29 noviembre 2006

¡Qué suerte..!

Todo estaba preparado. Las ventanas cerradas, las cortinas corridas y la pequeña estufa de gas apretada contra la butaca. Empezaba a notarse un ligero olor a quemado; casi nada todavía. Había tenido que reunir muchas fuerzas, pero una vez tomada la determinación, no iba a retroceder. No sabía de que otra manera podía librarse de tanta angustia.
Por enésima vez en la última semana se dijo que ya valía; de todo. Ya valía de aguantar borracheras, de noches en vela sin saber donde estaba, de pasar apuros porque él nunca tenía bastante para gastar en su vicio favorito. Estaba harta.
No es que fuera malo; no la pegaba ni la insultaba, al contrario. Llegaba a casa con aquel pestazo a bar de mala muerte, con un aliento podrido de alcohol y la abrazaba y le decía que la quería mucho y que lo sentía; que nunca más volvería a pasar.
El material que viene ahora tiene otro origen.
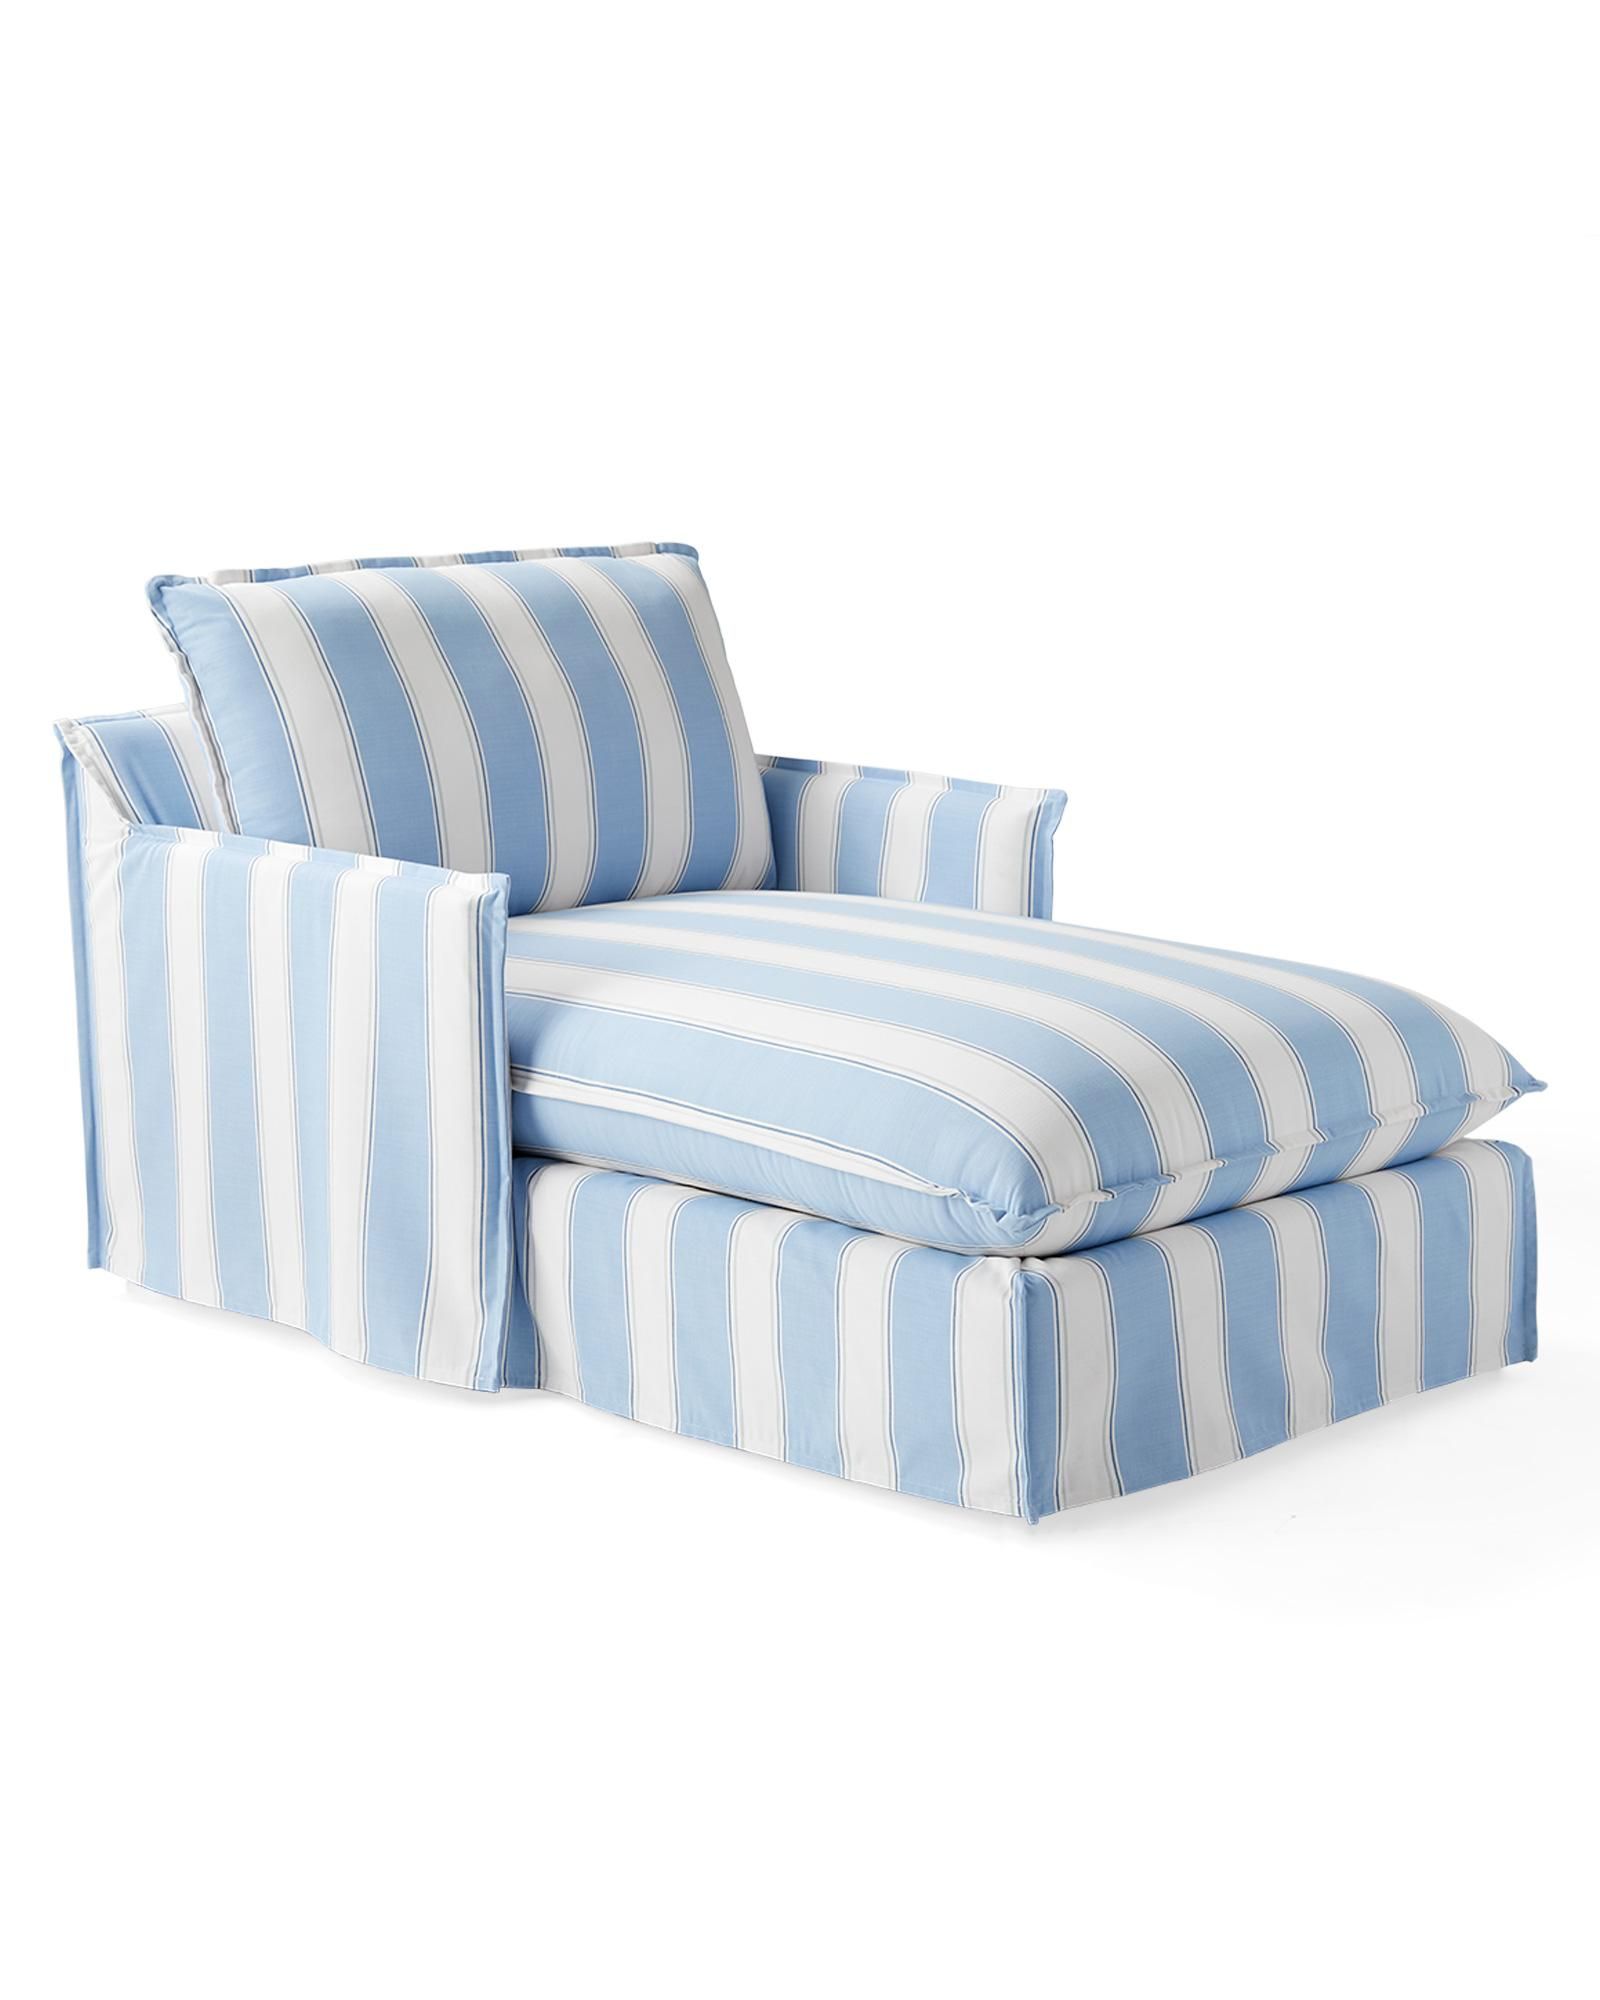 Sundial Wide Chaise - Hydrangea Port Stripe | Serena and Lily
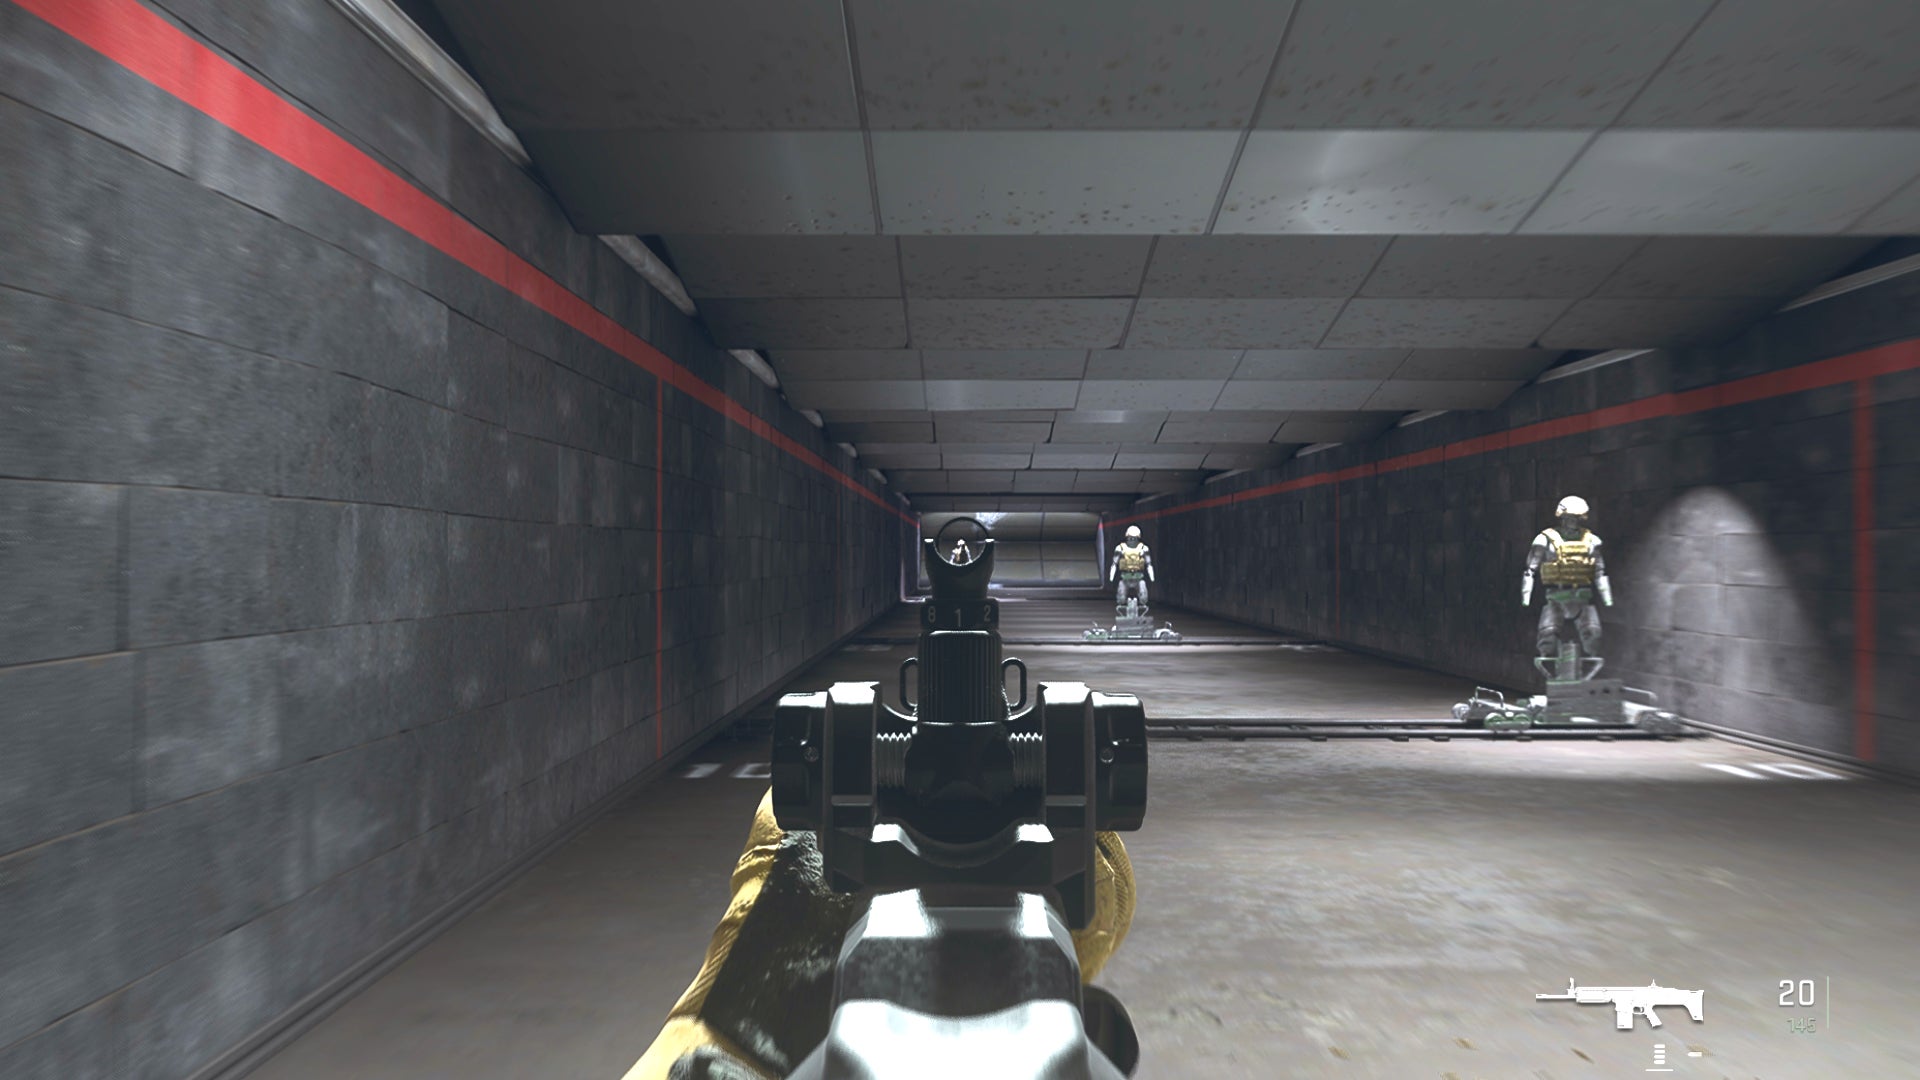 The player in Warzone 2.0 aims at a training dummy with the TAQ-V ironsights.

Algunas veces le traía una rosa, comprada en cualquier discoteca al principio de la noche, marchita y sucia, y se arrodillaba ante ella, suplicando, "dame un beso, por favor; te juro que nunca, nunca más" Y lloraba; y las lágrimas le corrían por la cara y los mocos le resbalaban hasta la boca y seguía intentando besarla.
Y ella se moría de asco y de desesperación.
No más. Ahora, él dormía tirado en el sofá; ni una bomba podría despertarle; de eso podía estar segura. También sabía que los vecinos, siempre vigilantes, le habrían oído llegar cantando y dando traspies por los escalones de entrada al edificio, ya de madrugada. ¡Cuántas veces había sentido la vergüenza de sus miradas de lástima o de reprobación! Como si ella fuera la culpable de las borracheras de su marido.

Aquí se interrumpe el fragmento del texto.